2. Acquisition in biodiesel. Two weeks ago, the company completed its acquisition of Sanimax Energy’s 20 million gallon nameplate capacity biodiesel refinery located in DeForest, Wisconsin. REG paid Sanimax $11 million in cash and issued 500,000 shares of REG common stock in exchange for the biorefinery and related assets. REG may also pay Sanimax up to an additional $5 million in cash over a period of up to seven years after closing based on the volume of biodiesel produced at the plant, which is now called REG Madison. Using the same REG patented and proven high free fatty acid processing technology as REG’s Seneca, Illinois plant, REG Madison produces biodiesel from lower cost, lower carbon intensity feedstocks.

3. Building the capital stack. REG Energy Services secured a $30 million line of credit from Iowa-based Bankers Trust, the company last month, The line is a one-year credit facility, with an accordion option to expand to $40 million, subject to customary conditions. “This credit line gives REG Energy Services additional capital to expand our blended fuel offerings and add to our already expansive distribution network,” said Chad Stone, REG Chief Financial Officer. “It also frees up capital allocated to the business from other sources. We are very grateful to Bankers Trust Company for seeing the strength of this part of our business and committing these funds to allow us to further grow.”

The Digest’s Take

Over in the world of materials and products, we see a rush to divest. Consider, for example, DowDupont, which will emerge as three companies in distinct segments, out of two diversified companies. But in the agricultural space, they’re generally sellers, not buying raw materials from growers.
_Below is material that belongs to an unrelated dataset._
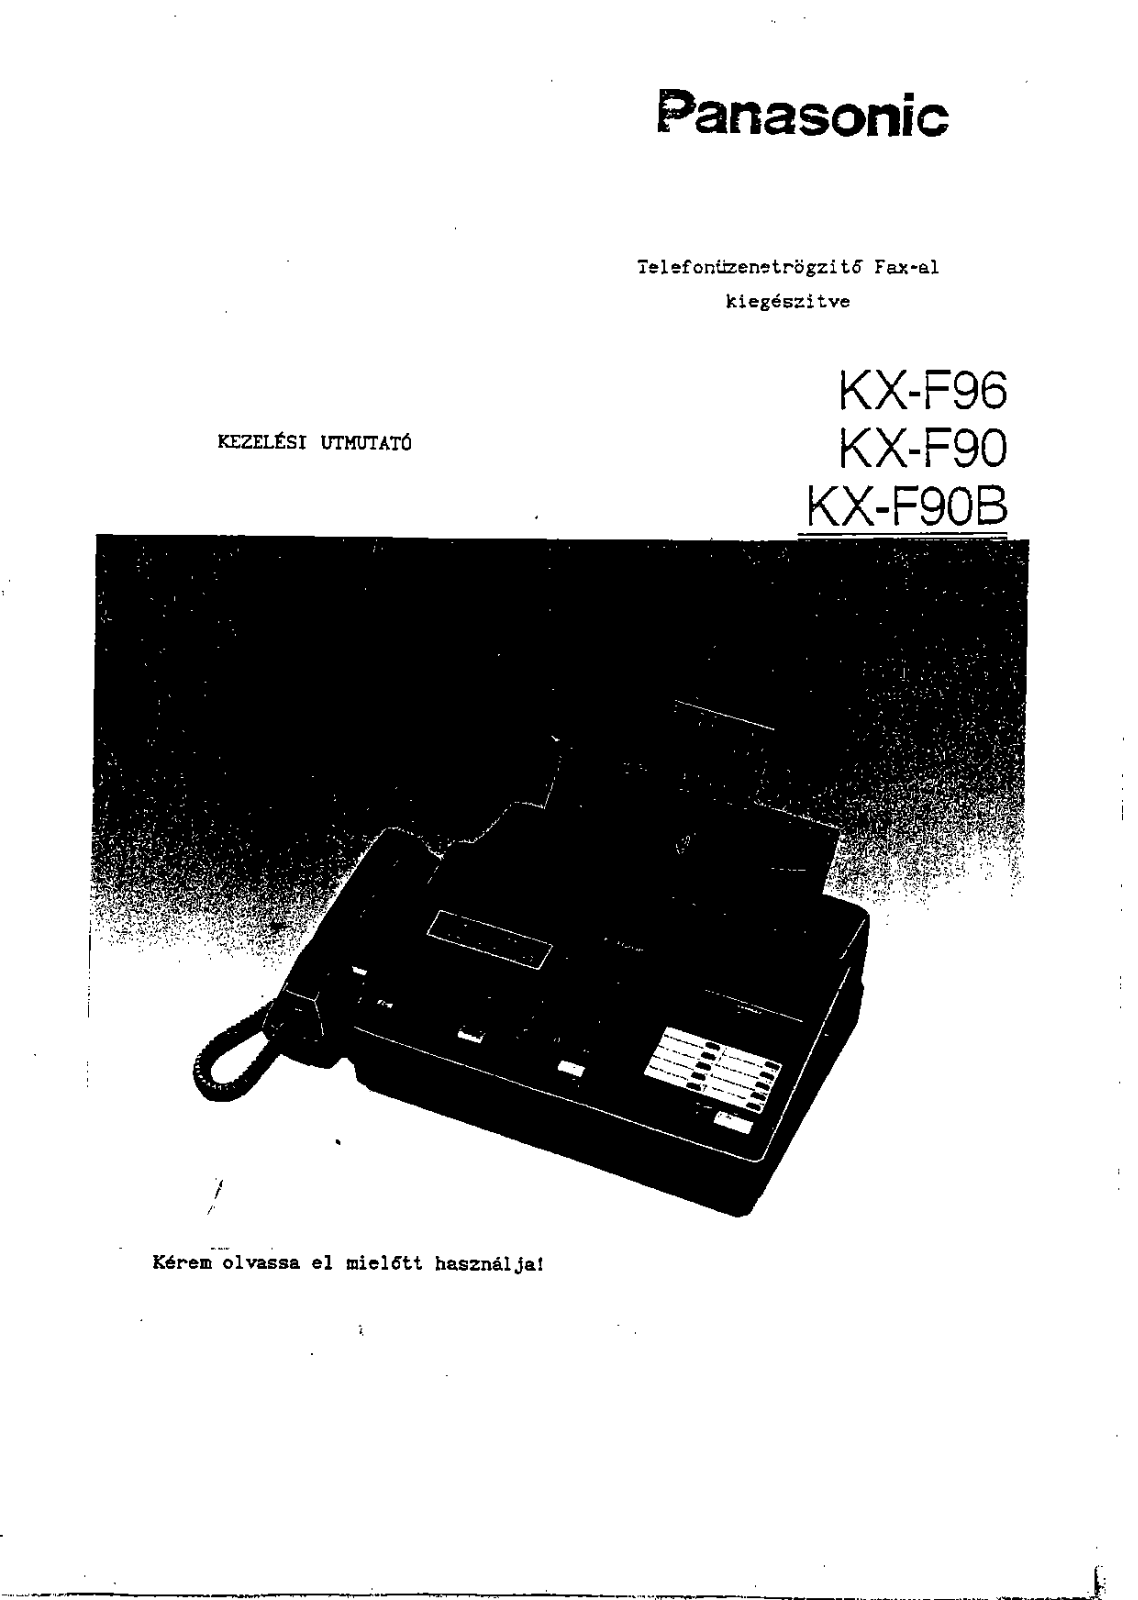 Panasonic KX-F90, KX-F96, KX-F90B User Manual

So, companies like REG are going the other way, diversifying. Back then, one product, heading for many. One input, oils — now oils and sugars, plus a diversified set of waste oils. Back then, one technology, transesterification. Now, a suite of them ranging from hydrotreating to fermentation.

So, we see it as a little ADM, with bigger margins and growth prospects for some time to come, well positioned. Inherently more diversified than a TerraVia or Amyris on the technology and raw materials side.

Meanwhile, we note that ADM is trading at almost exactly the same price-to-EBITDA ratio as REG, and on a price-to-revenues basis. That’s the “we’re so big and been around so long” premium that benefits diversified plays in uplifting raw materials into finished products.

So, how big is big enough where REG will get a bump based on a superior growth outlook? $1 billion market cap might just do it. Keep an eye on expansion into Europe — and, with the expansion into corn sugars, given that they’re into corn oil in a big way, keep an eye on opportunities with corn protein.